| Likely just means they have a Single Point of Failure. Some guesses would be: Automation/orchestration - They've migrated to k8s (I don't believe they've actually done this yet), but it could be their orchestration / automation tool automated a broken thing everywhere. Database/Auth - Pretty much everything in gitlab will touch the database as far as I'm aware. Otherwise, how do you check whether users are auth'd to take action something. You wouldn't expect this to break the static website, i.e. the sales landing pages, but these could be based off an internal CMS, or could be checking for "guest" role session. DNS/Service Discovery - As a sibling posted, "it's always DNS". It's good practice to use names for services instead of IP addresses, but this means your DNS needs to generally work, or everything will go down. Service Discovery could rely on DNS, but it could also be an API call that finds out DNS addresses or IP addresses directly. CDN - You wouldn't typically put this in front of auth'd usage, and typically a CDN might not be helpful in front of something like SSH, but a quick look at fastly suggests they might support this. The main downside is sharing all the user data / auth tokens. Security Product / CA - All you need is a requirement to encrypt internal traffic and rotate secrets, and you end up with a secret store that sits in the middle of everything. Storage Layer - I believe they were big on Ceph for a while. If everything is backed by Ceph, everything will go down if you fail with Ceph. Obviously, whatever it is, you'd expect them to split up their fail over plan a bit more in the future if it is something like that, but usually there's a single point of failure somewhere. |
This points to there being:
- a lack of process and testing on key networking changes. Aren't they doing CI/CD, automated testing and peer review for this?

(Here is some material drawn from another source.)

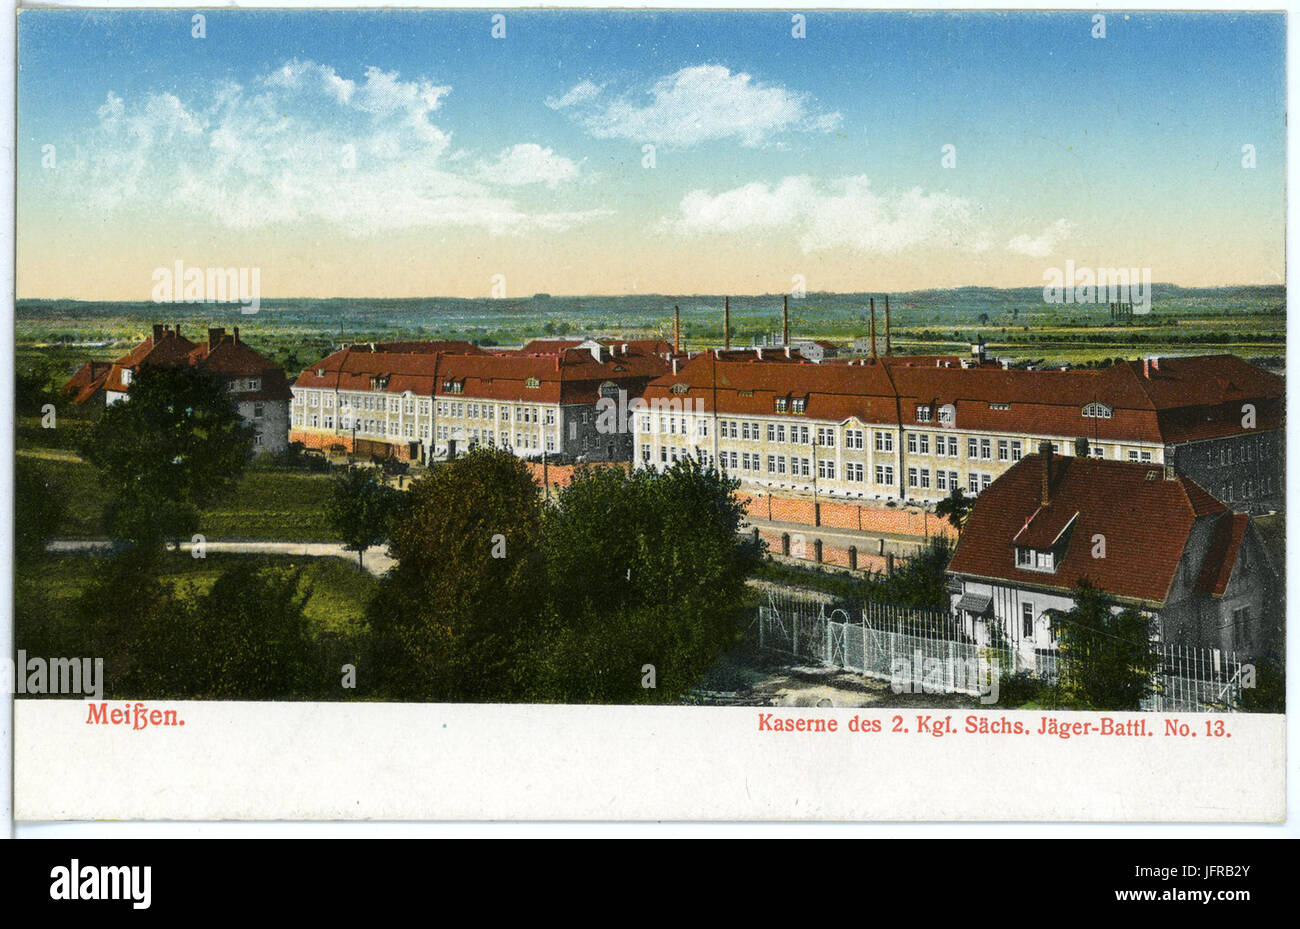 18383-Meißen-1914-Kaserne des 2. Königlich Sächsischen Jäger-Bataillon Nr. 13-Brück & Sohn Kunstverlag Stock Photo
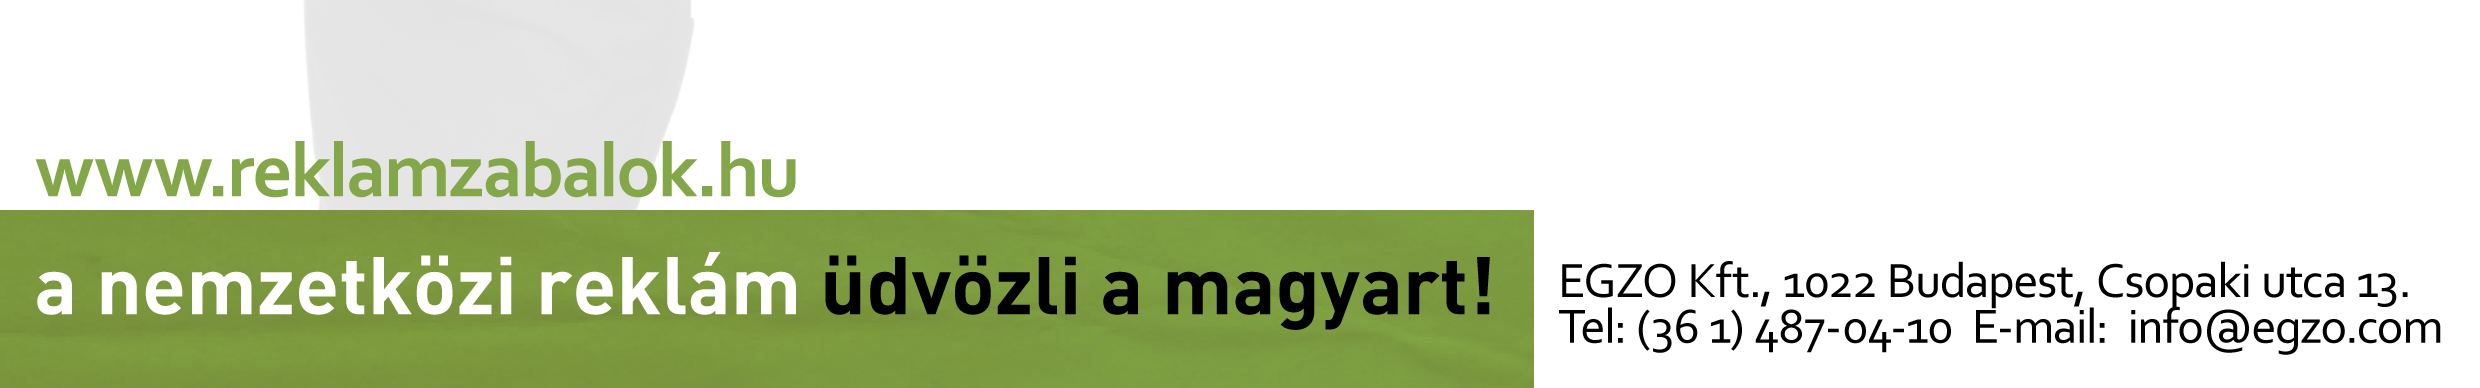 Az idei mottó: a nemzetközi reklám üdvözli a magyart.

- A SPOF in the database; why couldn't things connect to a secondary for a read-only mode?
Quite a lot of the time, things break for stupid reasons. The main difference is when a normal company does something stupid, they can hide it, lie about it, or make it sound more complex.
The fact Gitlab publishes their fuck ups, is supposed to force them to do a better job and actually look at root causes and apply proper fixes that we can all judge. I wouldn't hold any particular fuck-up against them.